Non è un mistero che a Paulo Fonseca non dispiaccia rimarcare il possesso del bastone del comando. E’ quasi una necessità istintiva quella del tecnico portoghese, che nel corso del suo anno e mezzo abbondante sulla panchina della Roma si è spesso fatto sentire con una invidiabile convinzione. Il tutto grazie anche a una società che, pur avendolo a volte lasciato solo, non lo ha mai ripreso per le sue esternazioni.
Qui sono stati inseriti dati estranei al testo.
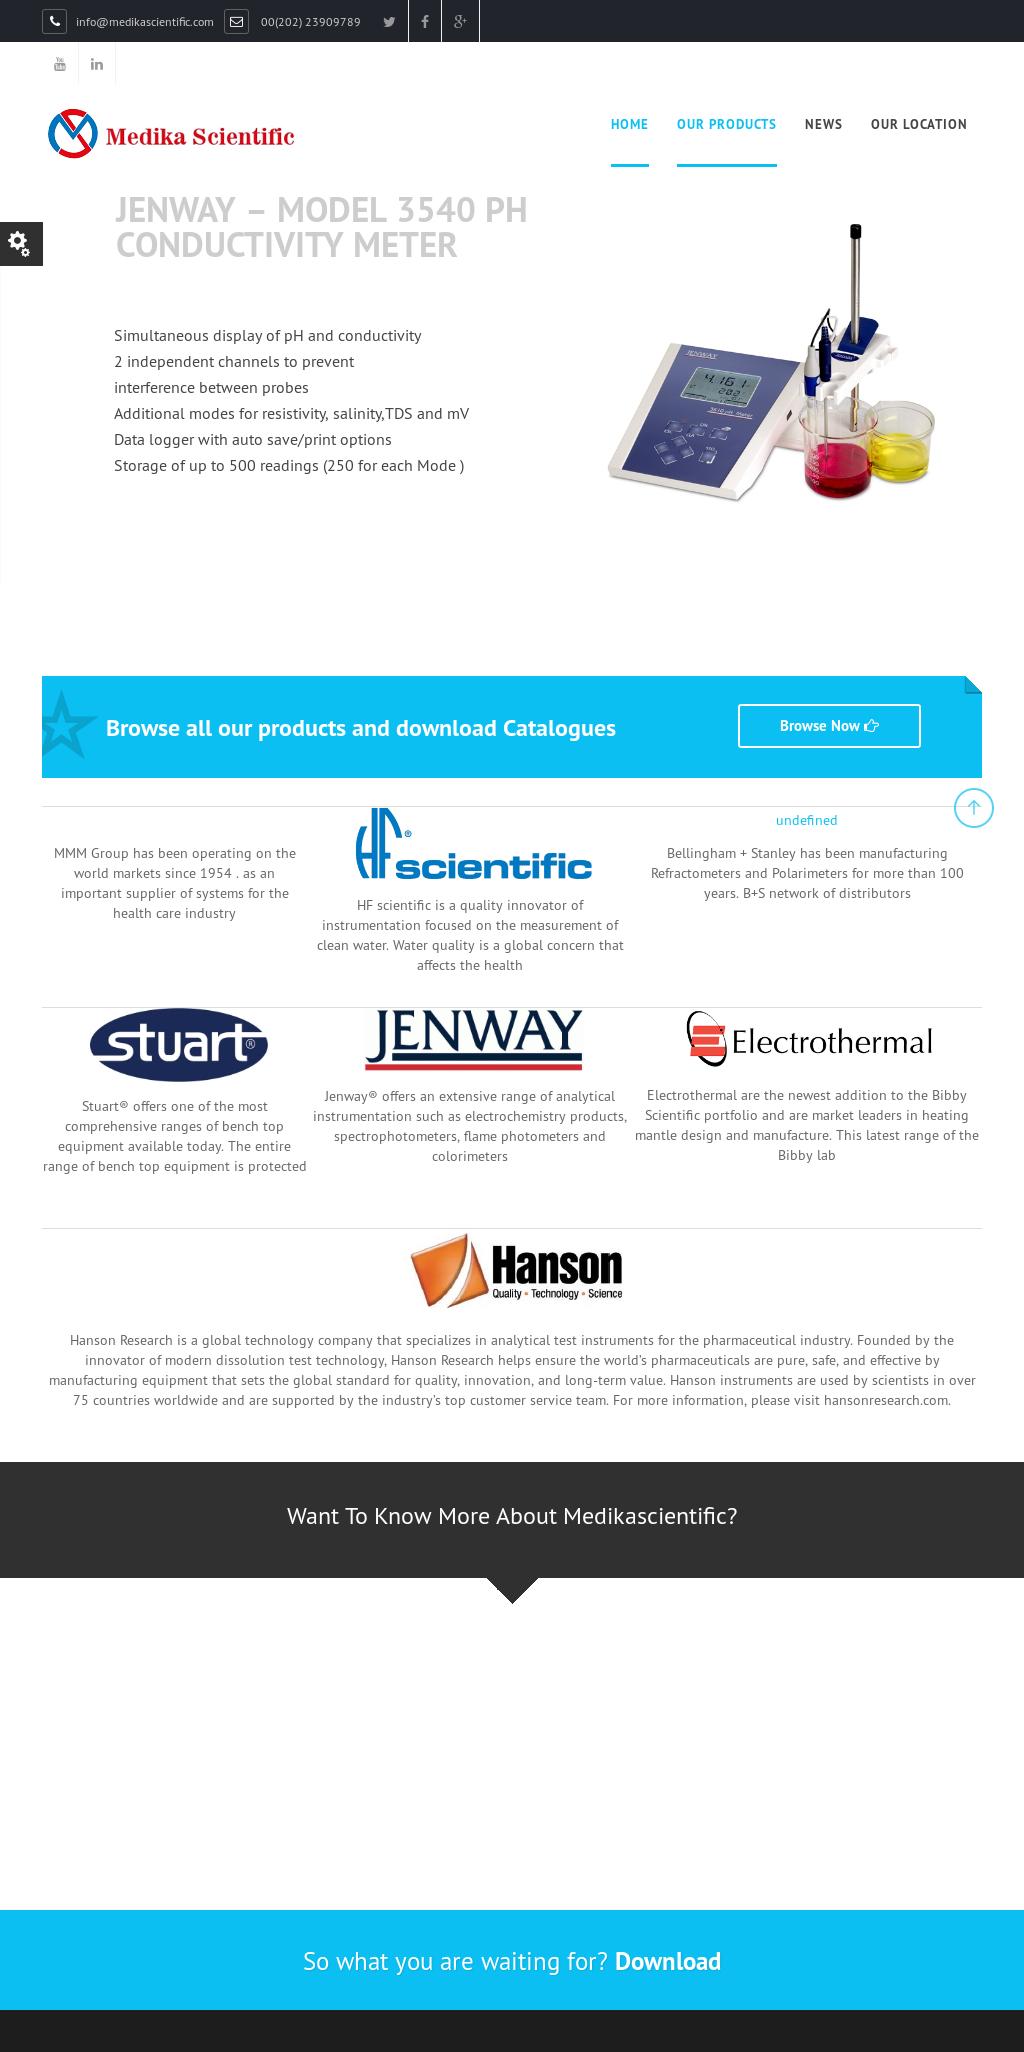 Medika Scientific Competitors, Revenue and Employees - Owler Company
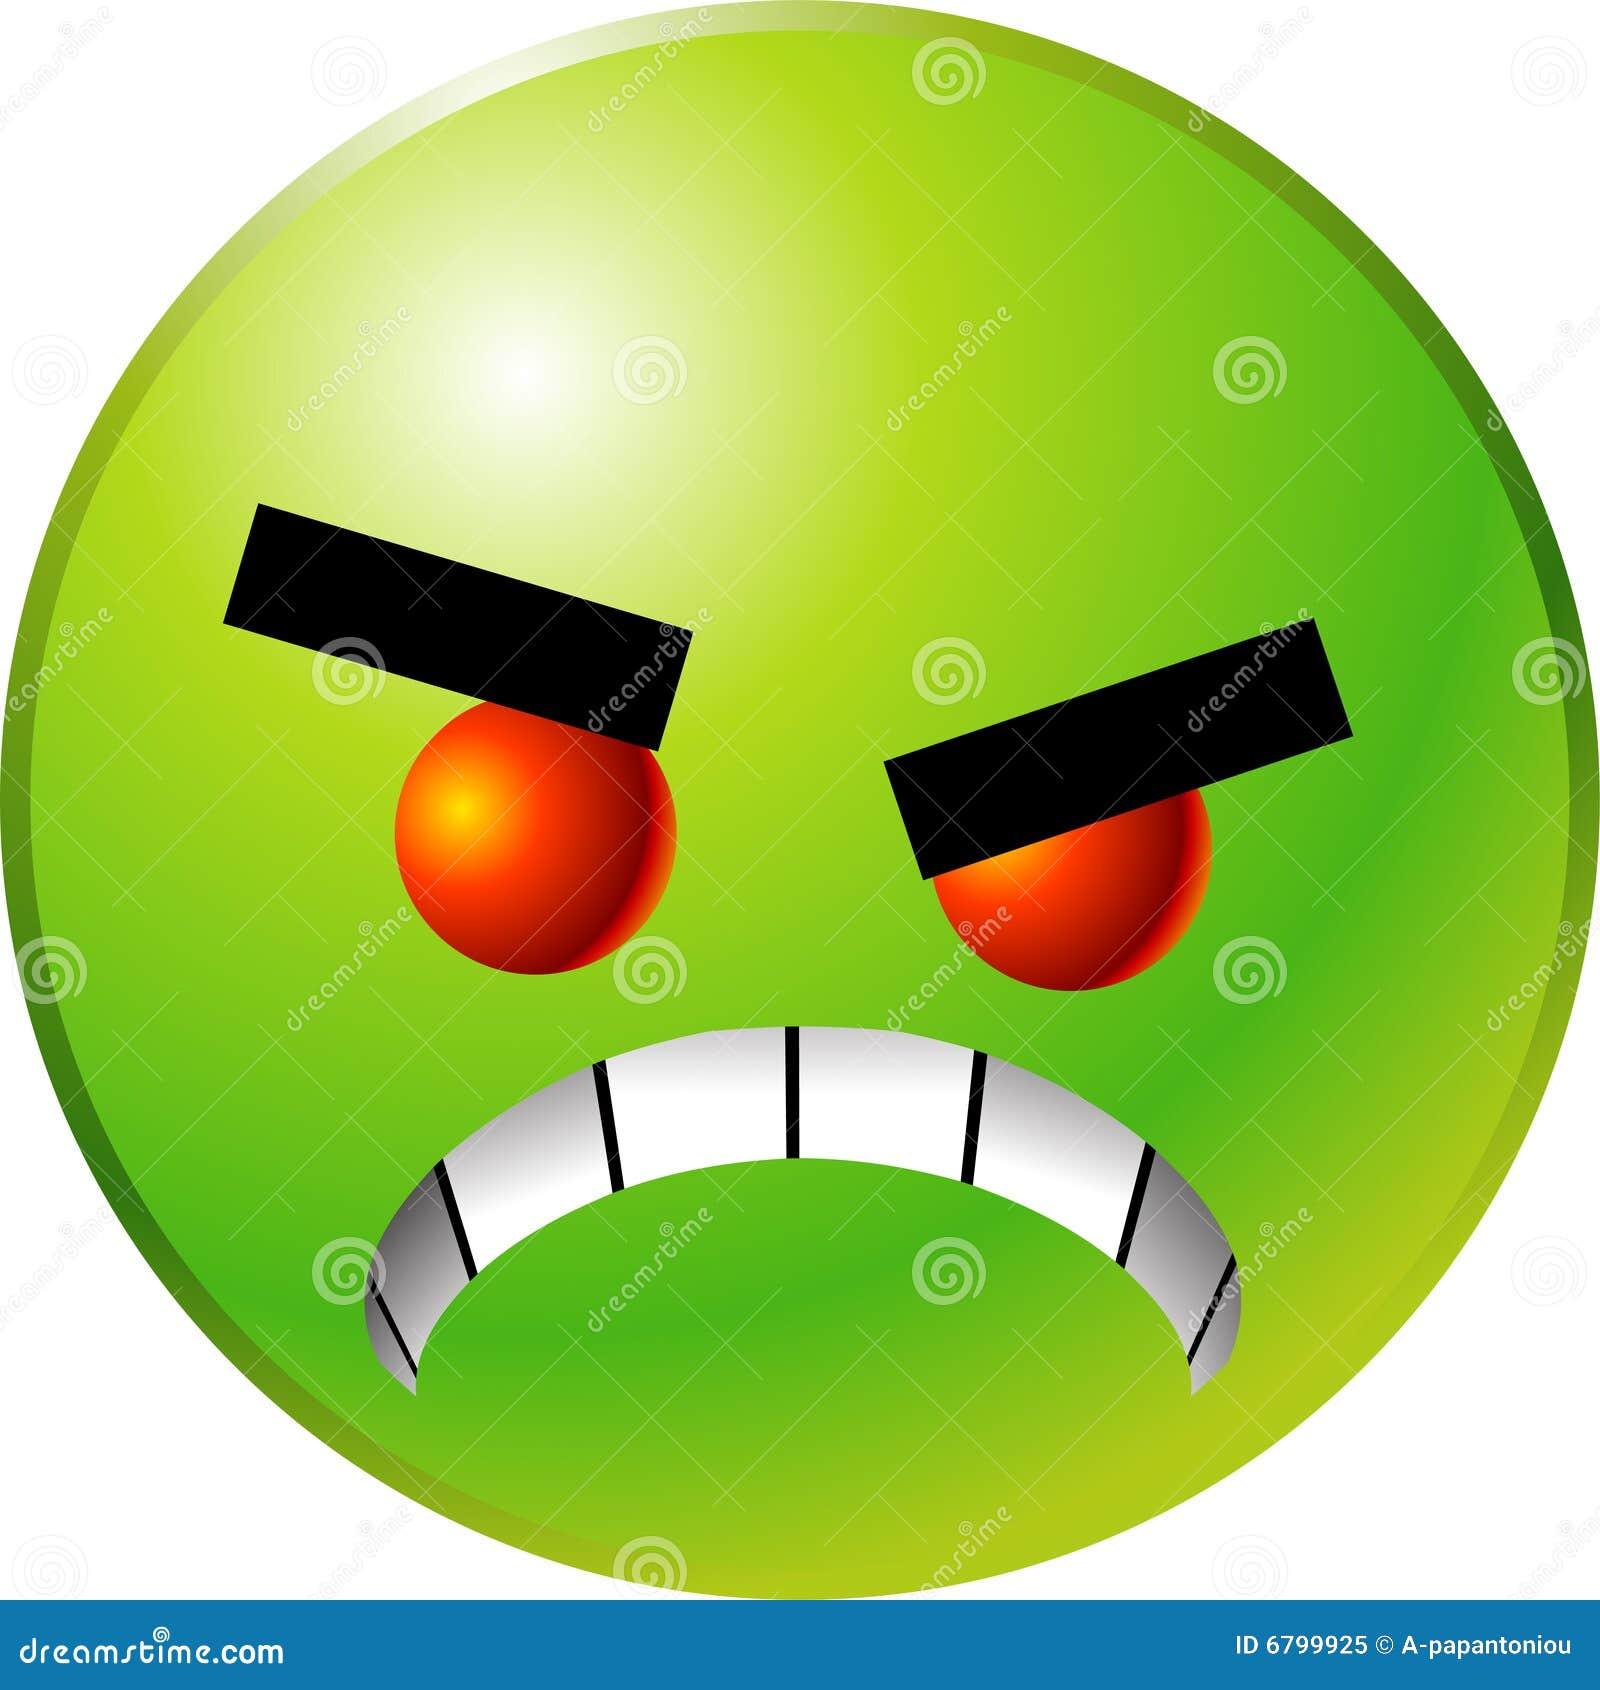 Emoticon Smiley Face Royalty Free Stock Photo - Image: 6799925

L’ultima “vittima” del carattere spigoloso del portoghese è stato Pedro, redarguito animosamente durante la gara con lo Shakhtar e sostituito qualche minuto dopo un alterco piuttosto acceso in campo. “Non ha capito ciò che gli avevo chiesto” ha glissato Fonseca, che qualche settimana fa aveva catechizzato proprio l’ex Barcellona nel prepartita della sfida con la Fiorentina dopo averlo relegato in panchina. In attesa di eventuali strascichi, quello di ieri è solo l’ultimo di una lunga serie di episodi.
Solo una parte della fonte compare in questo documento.